Форма звука

22
18
20
22
24
26
28
30

Предлог для встречи…

Мысли в голове взорвались все одновременно, вместе с ними пришла боль. Ему показалось, что болит все, от головы до пяток, но больше всего болела рука, словно налитая бурлящим кипятком. Он приподнялся на локтях над подушкой, нащупал у себя на предплечье тугую повязку — и сердце на секунду сделало перебой, зависнув в безвоздушном пространстве, пока Гелбрейт в липкой тошноте страха сдирал ее пальцами другой, менее пострадавшей руки — под повязкой чувствовался дренаж, оставленный на том месте, где раньше был имплант. Алое пятно поползло в стороны, но кто-то перехватил его пальцы и сердито отбросил в сторону. Вывернув голову назад, насколько позволяла подушка, Гелбрейт встретился глазами с личным врачом генерала Шепарда, Карлом Ивановичем.

— Лежите, — коротко приказал врач. — И убедительно прошу, не трогайте повязки. Вы затрудняете мне работу.

Гелбрейт помолчал, собираясь с мыслями.

— Клинт жив?

— Вашими стараниями. Удивили вы нас, Сережа, честное слово. И испугали.

Пальцы Карла Ивановича воткнули ему шприц в катетер на сгибе руки, надавили поршень, впустивший в кровь что-то еще более горячее и мгновенно прокатившееся по телу. После короткого головокружения дерганье под дренажем перешло в тупое похныкивание нервов, виски отпустило, хотя зрение осталось мутным. Карл Иванович начал подключать к катетеру капельницу, пакет с жидкостью болтался на стойке над его головой, как дамоклов меч.

— Где генерал? — с трудом выдавил Гелбрейт.

Карл Иванович кивком головы указал за изголовье кровати, куда Гелбрейт повернуть голову не мог, и Шепарду пришлось перейти и встать так, чтобы его можно было видеть.

Выглядел генерал как всегда деловито и бодро, только вместо формы под медицинским халатом, который он придерживал на плечах, были простой гражданский пиджак синего цвета и белые брюки.

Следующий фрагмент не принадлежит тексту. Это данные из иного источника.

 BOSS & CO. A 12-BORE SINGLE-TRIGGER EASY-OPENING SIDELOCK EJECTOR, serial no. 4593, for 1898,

Случайно или нет, но одежда совпадала с цветами Мумбаев.

— Сэр, — начал Гелбрейт, приподнявшись над подушкой, и осекся, бросил взгляд на врача, который продолжал заниматься капельницей — подвешенных флаконов стало два, и они смешивались где-то на уровне середины.

— Можно оставить нас наедине? — попросил генерал, поворачиваясь к Карлу Ивановичу. — Пять минут.

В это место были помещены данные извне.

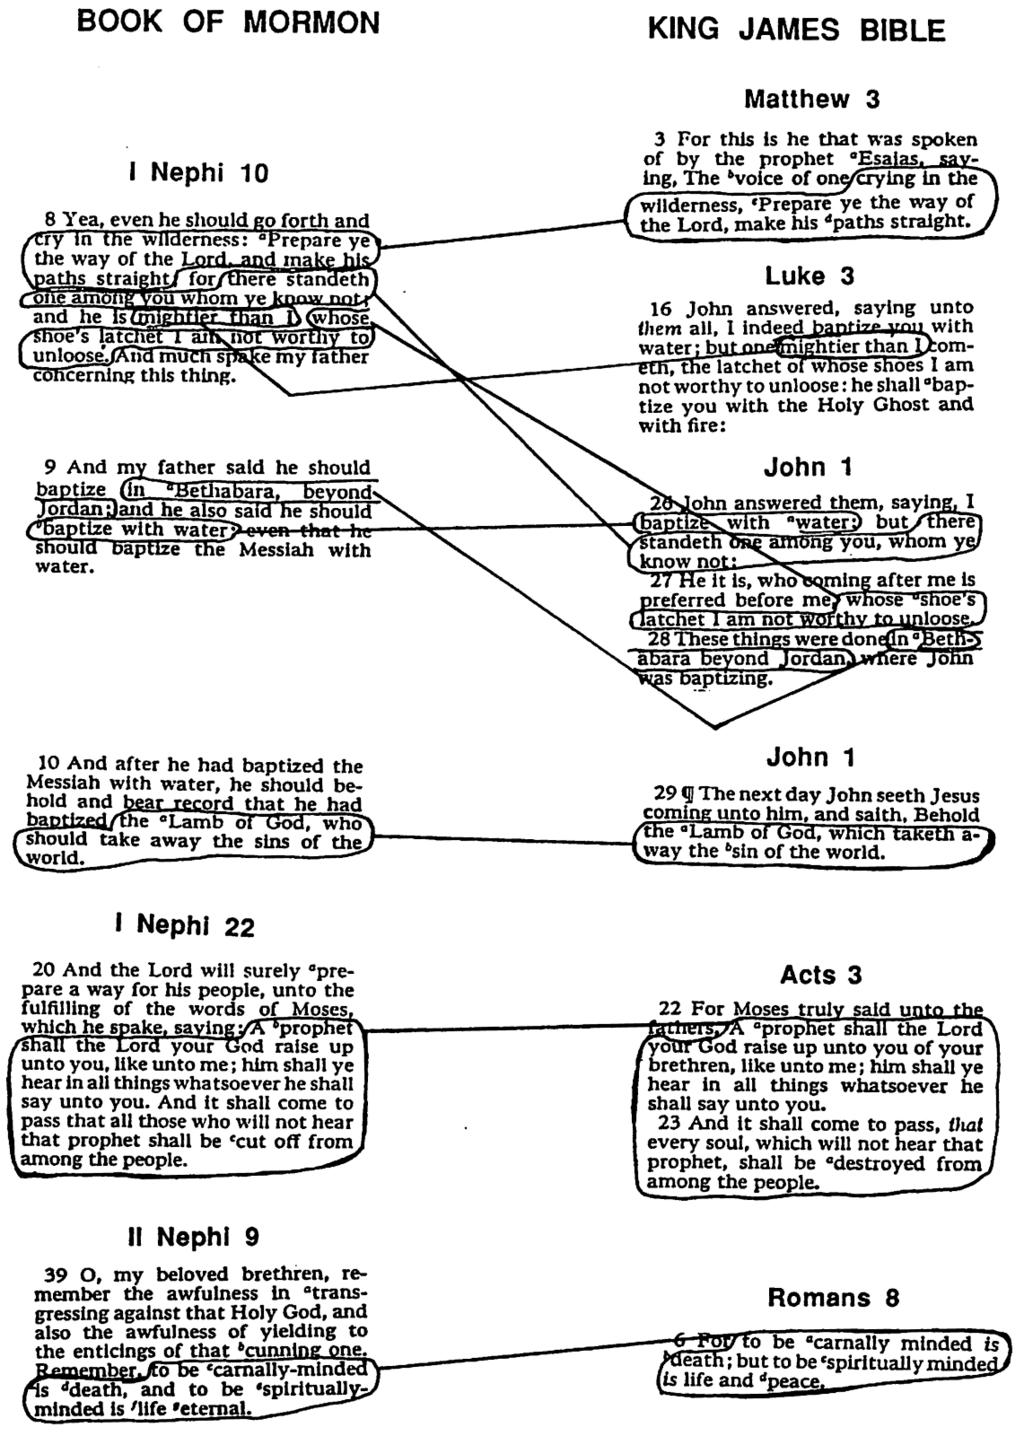 Issue 74 Salt Lake City Messenger 5 Selected verses from the Book of Mormon compared with Bible verses which appear in the King James Version first printed in 1611 A.

Судя по выражению лица, Карл Иванович не одобрял ни пяти минут, ни двух, однако без слов оставил капельницу и удалился, предварительно взглянув на циферблат на стене.

Гелбрейт смотрел ему в спину и думал о том, что нет таких слов, которые можно использовать для того, что он должен сейчас сказать. Не существует в природе.

Генерал переставил к кровати стул, сел на него и сцепил руки с падом в замок. Виски его серебрились сединой, и только светлый цвет волос делал ее не такой заметной на расстоянии. Шепард молчал и смотрел на Гелбрейта взглядом, который тот с трудом понимал — что он выражает? Соболезнование? Сочувствие? Торжество?

— Расследование зашло слишком далеко, — вдруг заявил генерал. — Жалею, что не отозвал вас после первого нападения.

— Вы знали о нападении? — удивился Гелбрейт.

— Имплант находился под наблюдением, — пояснил генерал. — Так что я немного более в курсе событий, чем вы думаете. Простая мера безопасности.

— Или контроля, — негромко сказал Гелбрейт, глядя перед собой.

— Или контроля, — не стал спорить Шепард. — Извиняться не буду.